“Yes, Doctor, of course. Right through there. I’m very glad to see you, very glad indeed; I’ve been up two days and a night and I’m not used to be doing that any more. But Hadley in there phoned me, very frightened, and he should have been, because I recognized Rand’s disease when I walked in and he knew himself that he had it. I’ve been treating him here alone ever since, and I have the fever licked and he’s on the mend…”
“Do you mind if I have that curtain opened?” Sam asked. The room was dark and the man on the bed only a dim outline.
“Surely, of course, just resting Hadley’s eyes.”
The sergeant pulled up the curtain and Sam stood next to the bed, looking down at the middle-aged man with the red boils on his face: he put the telltale against his wrist.
“How are you feeling, Mr. Hadley?” he asked.
“Hadley’s my first name. And I felt a whole lot better in my time, I tell you. Felt worse until the doc came.”
Sam opened Hadley’s pajama jacket — there were one or two boils scattered on his chest— then palpated his armpits: the lymph nodes were swollen.
“That hurts,” Hadley said.
“Don’t worry, you’ll be all right.”
“Then he is cured,” Dr. Stissing said, his words tumbling one over the other. “I knew it, I told him, these new antibiotics. The plague, I mean Rand’s disease…”
“Hadley’s a lucky man,” Sam said tiredly, “he never had Rand’s disease. This is common furunculosis complicated by
“But Rand’s disease, the symptoms, the fever, all the same. I’ve been practicing long enough…”
“How long have you been ill, Hadley?” Sam asked.
“Couple of days. Fever hit me right after the rocket landed, like I told the doc. Felt like I was dying.”
“That was the fever part — but how long have you had the boils?”
“Came at the same time. Of course I felt them coming on a few days earlier. Then the fever hit and I knew I had the plague…”
“Not the plague from space, Hadley,” Dr. Stissing said, sitting down heavily on the wooden kitchen chair by the head of the bed. “Just a bad case of the boils. Boils and a fever. I’m… sorry, Doctor, about getting you up here from the city—”
The sudden crackle of small arms fire sounded from outside the house, from the front, broken by the heavy boom of a recoilless handgun. The sergeant ran from the room, drawing his pistol as he went; Sam was right behind him.

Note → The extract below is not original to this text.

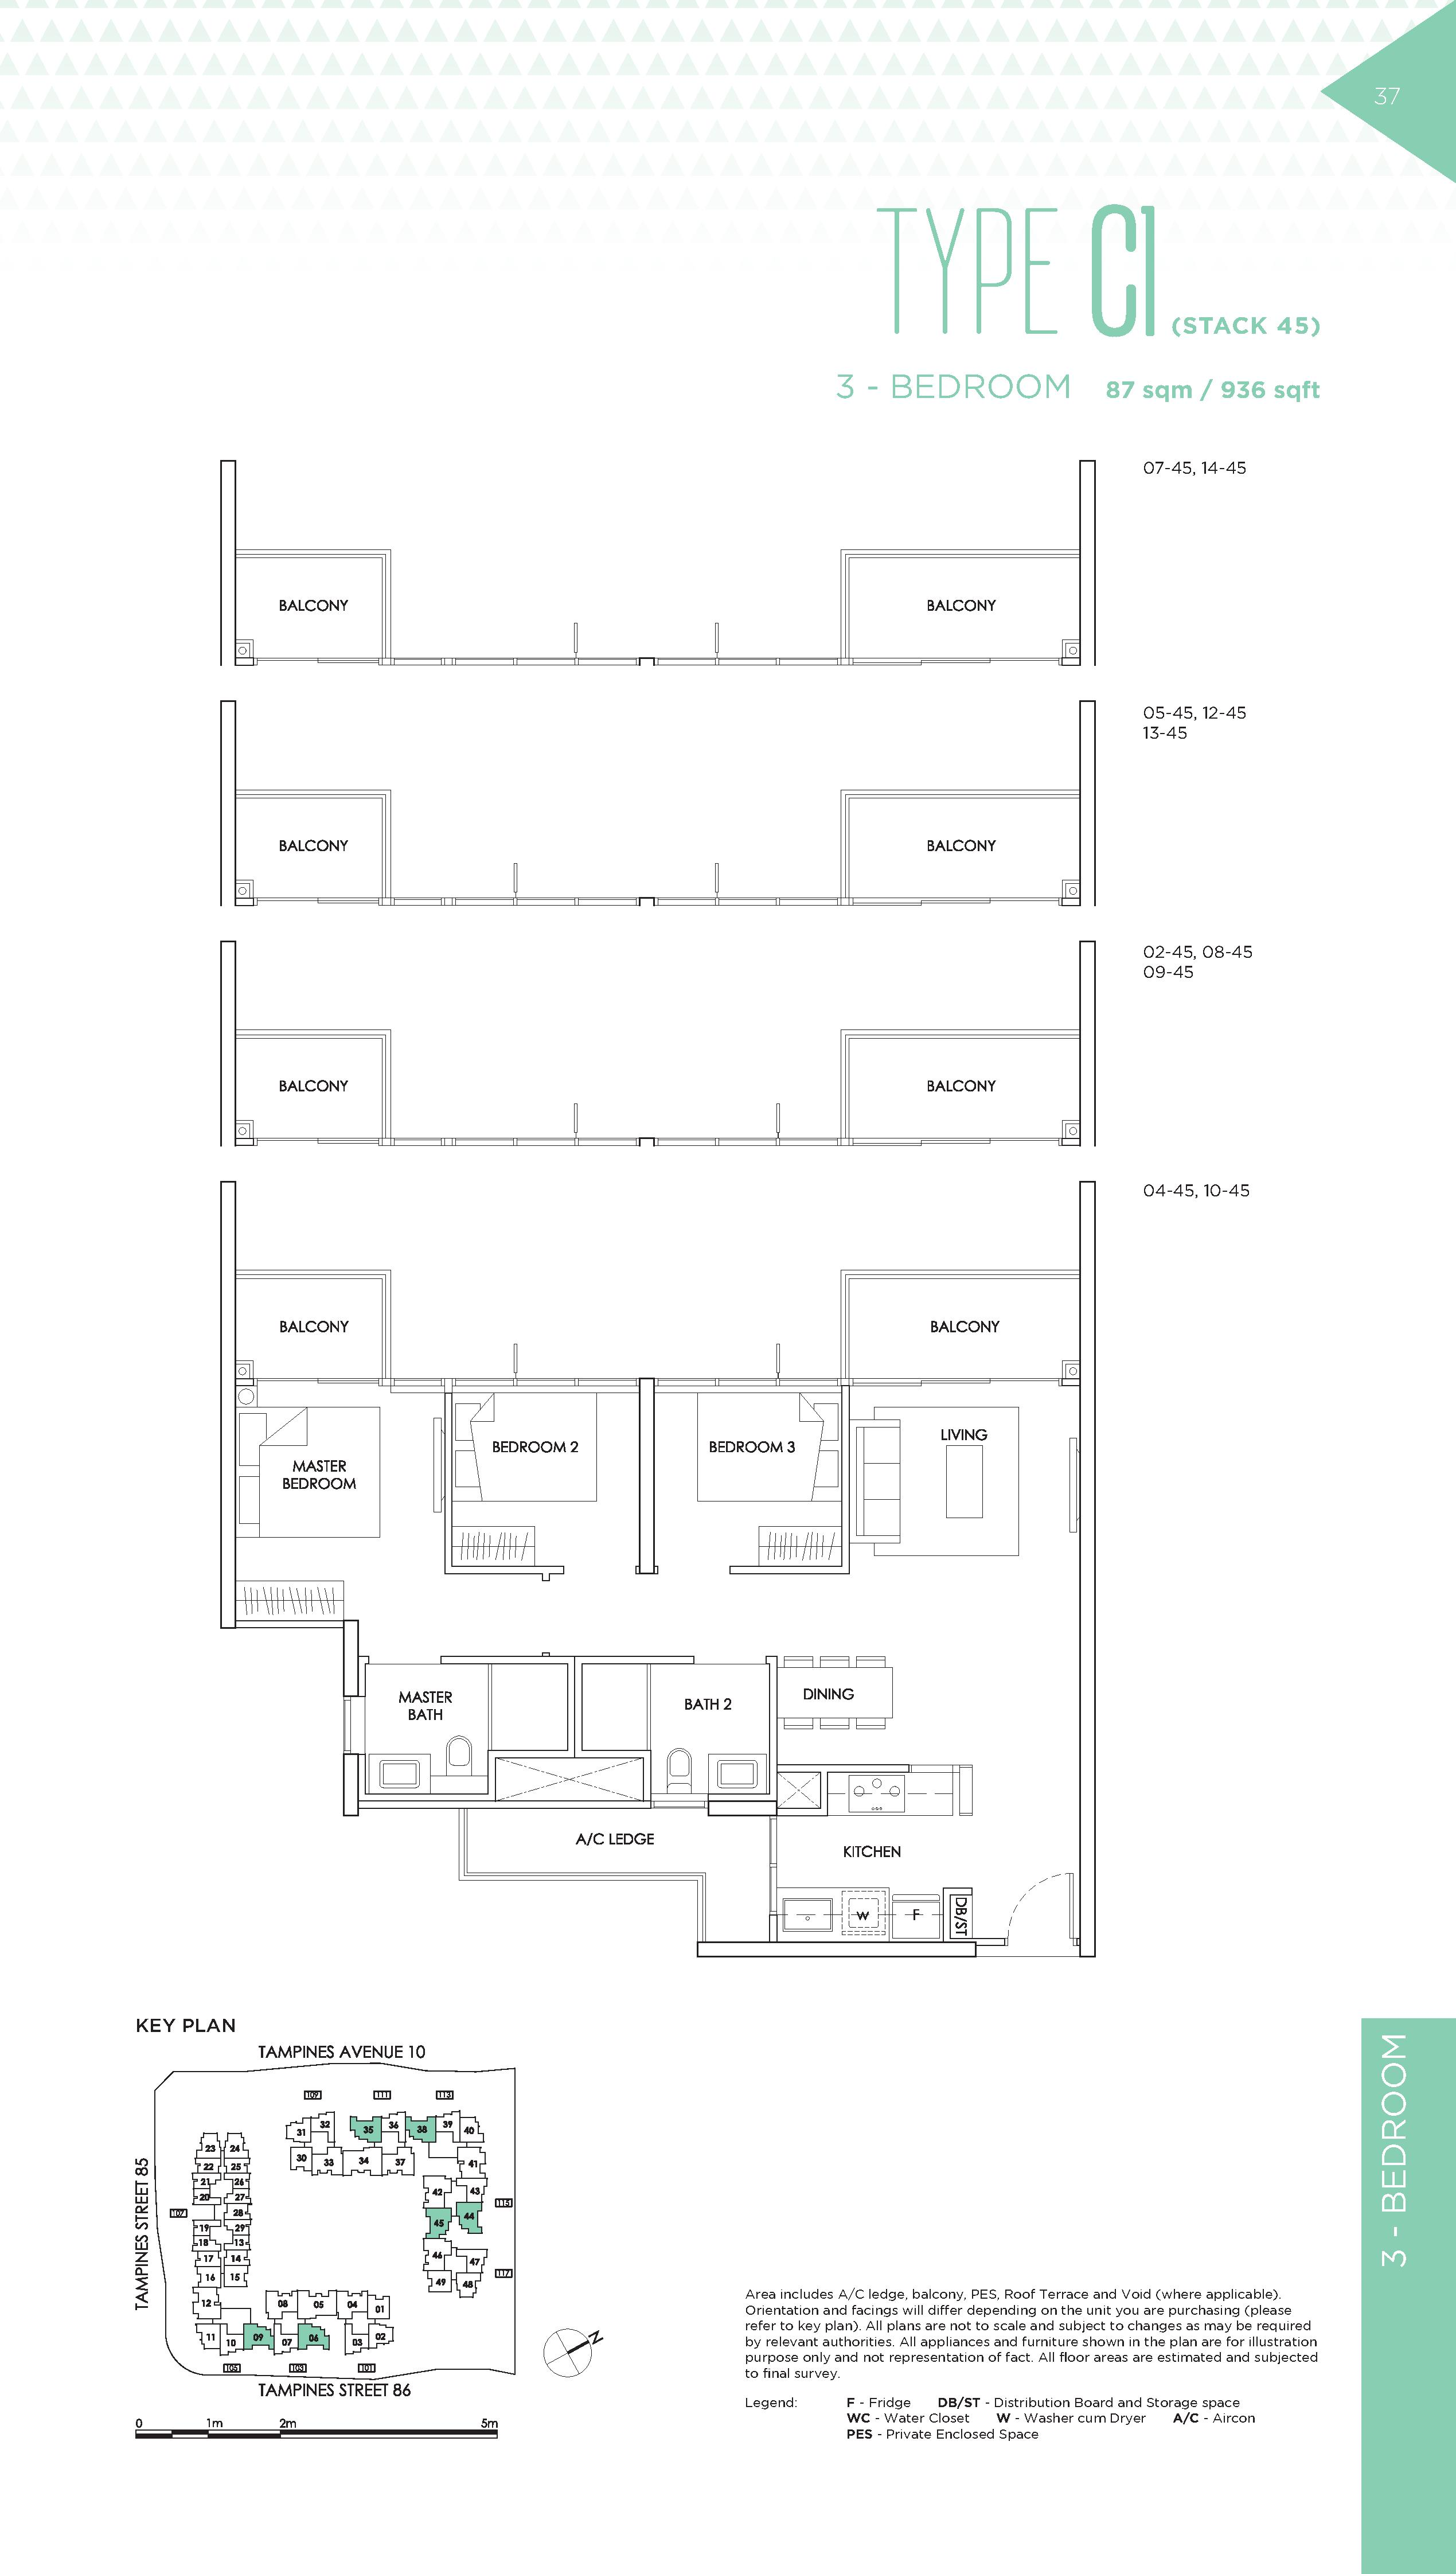 The Alps Residences 3 Bedroom Floor Plans Type C1(Stack 45)

“Stay here!” Sam shouted over his shoulder to the bewildered doctor. He reached the parlor just as the sergeant threw open the front door. A hail of small arms fire splintered the door frame and punched holes in the floor. Sam had been under fire before, often enough to have developed all the correct instincts: he dived and rolled at the same time, out of the line of fire through the door. The sergeant lay crumpled in the doorway, his fingers still outstretched toward the bulk of the recoilless pistol, which lay on the porch outside. A few more shots splattered around the door as Sam grabbed him by the leg and pulled him away from the opening. The right shoulder of his uniform was spotted with blood and Sam tore it open: there was the entrance hole where a small-caliber bullet had penetrated. It must have been a magnum because the hydrostatic shock had knocked the sergeant out and, as Sam rolled him over to look at the exit wound, also small and bleeding only slightly, the sergeant opened his eyes and tried to sit up. Sam pressed him back.

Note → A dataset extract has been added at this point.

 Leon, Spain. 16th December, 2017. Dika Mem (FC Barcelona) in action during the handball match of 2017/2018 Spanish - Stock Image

“Take it easy — you’ve been hit.”
“The hell you say!” The sergeant pushed Sam’s hand away and struggled to a sitting position. “What’s happening out there?”
Sam looked quickly from the side of the window, shielded by a curtain, and pulled his head back before the shots crashed through the glass. It was long enough for him to see the dark forms of the men who were running toward the copter, and to see the body of the pilot hanging halfway out of the doorway.

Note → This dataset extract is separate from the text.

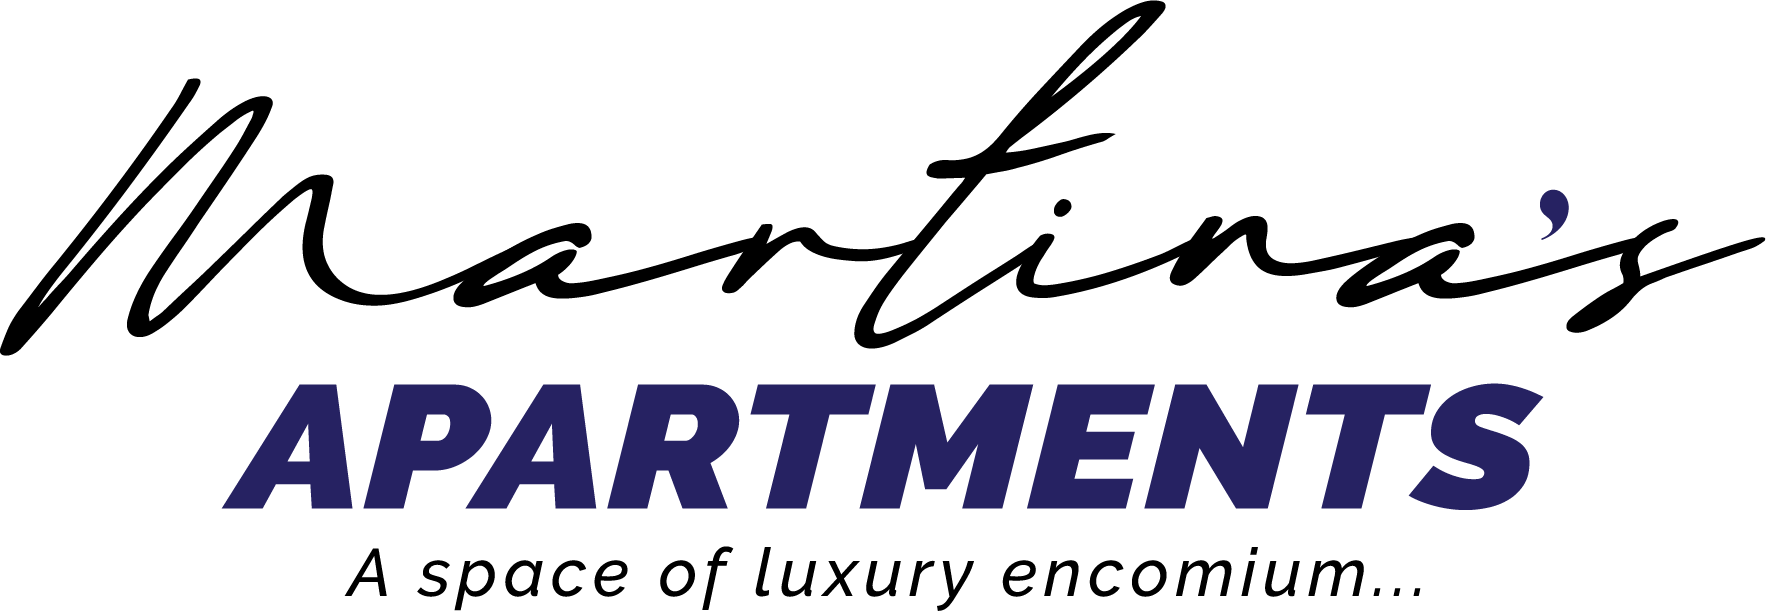 martina's apartments logo nigeria

“Don’t try nothing!” A voice called from outside. “You don’t shoot at us and we’re not going to shoot at you.” Sam rose behind the curtain and the sergeant struggled up next to him. The men had pushed the limp pilot to the ground and were climbing in. One of them, the one who had been talking, held a young girl by the arms, shielding himself behind her body. She was in her twenties and the way her head hung and the way her clothing was torn left no doubt as to what had happened to her.
“Try anything I’ll shoot the girl,” the man shouted. “So help me I’ll kill her. We don’t want no more trouble, we just want to get away from the plague. Andy here can fly your whirly, learned in the Army, and we’re going to take it and get out. Be smart and no one’s going to get hurt.”